APTT, activated partial prothrombin time; BMI, body mass index; CA, carbohydrate antigen; CHD, coronary heart disease; FIB, fibrinogen; PLT, platelet; PT, prothrombin time; TT, thrombin time; WBC, white blood cell count.

Multivariate analysis of the risk factors for VTE in preoperative patients with lung cancer

Study variables were selected based on the results of univariate analysis and the clinical significance of the influencing factors. With the occurrence of VTE as the dependent variable, and age, a history of arrhythmia, homocysteine, FIB and D-dimer as the independent variables, multivariate logistic regression analysis was performed.
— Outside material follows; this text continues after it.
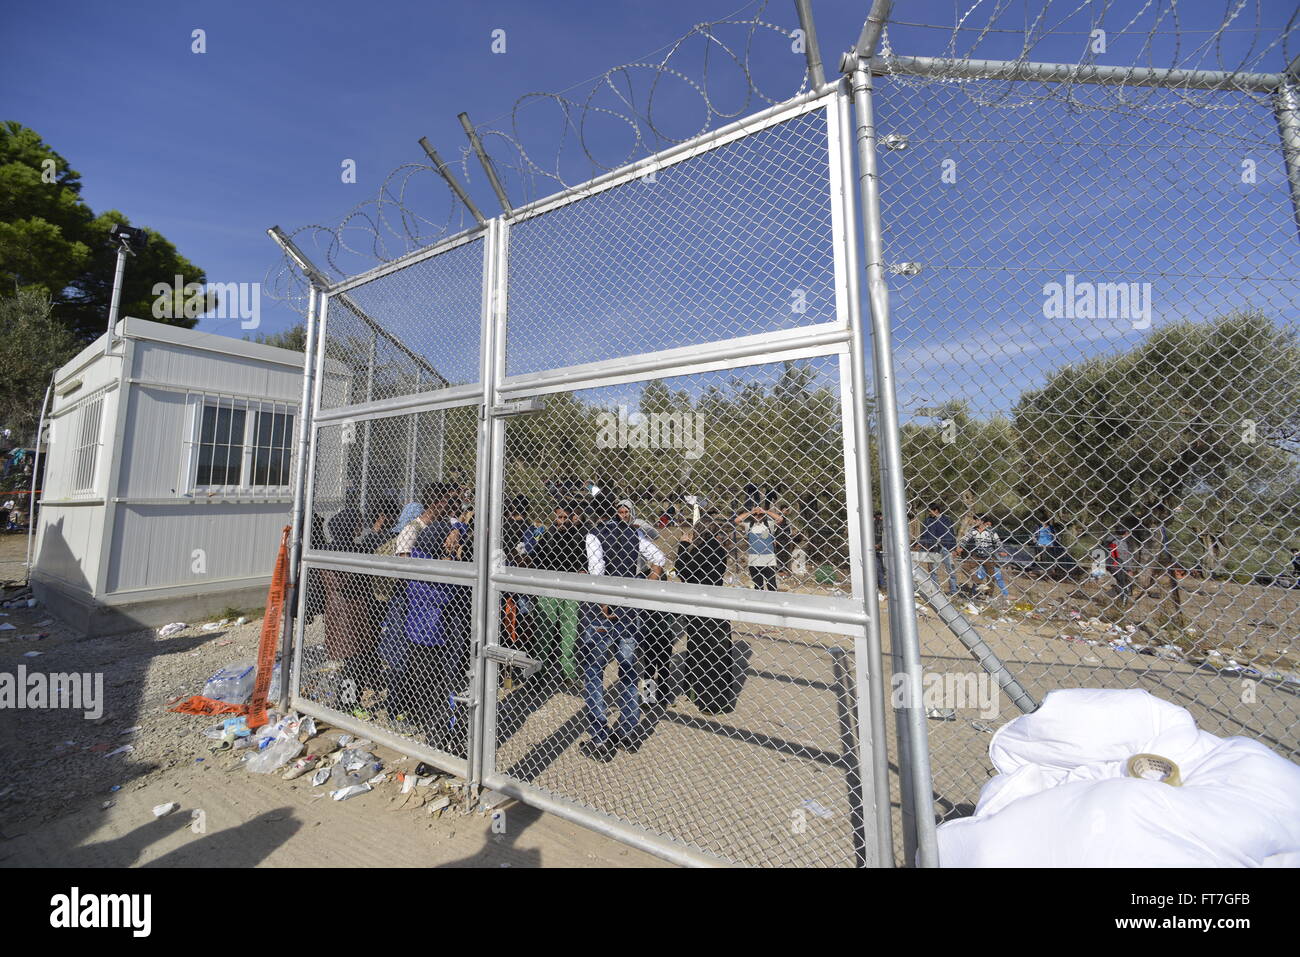 Lesbo, Grecia- Ottobre 14, 2015, 2015. Rifugiati e migranti arrivati a Lesbo in gommoni barche, rimangono nella camma di rifugiato Foto Stock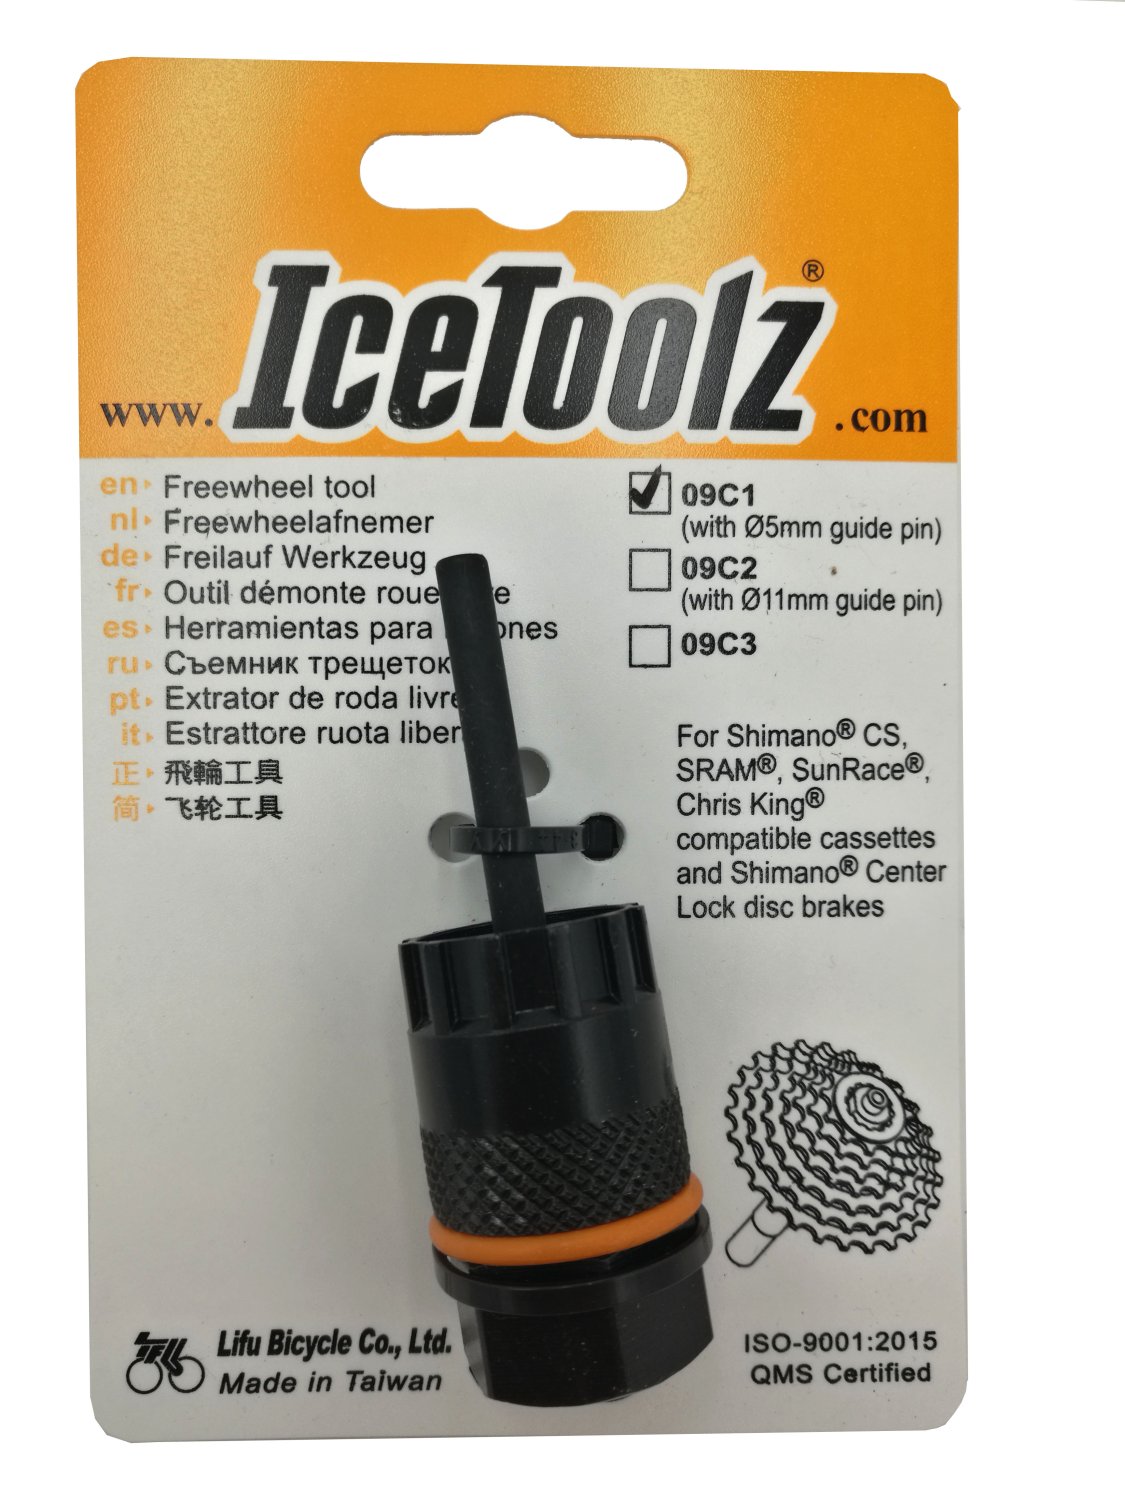 Съемник для кассет ICE TOOLZ Shimano CS/Center Lock, с направляющей , Сr-V сталь, 09C1 съемник shimano для кассет и трещотокtl fw30 y12009050

In multivariate logistic regression analysis models, 3 of the factors identified in the univariate analysis above, including age ≥60 years, D-dimer >500 ng/mL and FIB >4 g/L, were found to be independent risk factors of VTE in patients with lung cancer before surgery (P<.05 for all results, Table 2). In detail, the risk of age ≥60 years was 10.99 times higher than patients aged <60 years old, the risk of D-dimer >500 ng/mL was 6.61 times higher than normal D-dimer values, and the risk of FIB >4 g/L was 8.86 times higher than normal FIB values.

Table 2.

Predictors of developing VTE in preoperative patients with lung malignancy.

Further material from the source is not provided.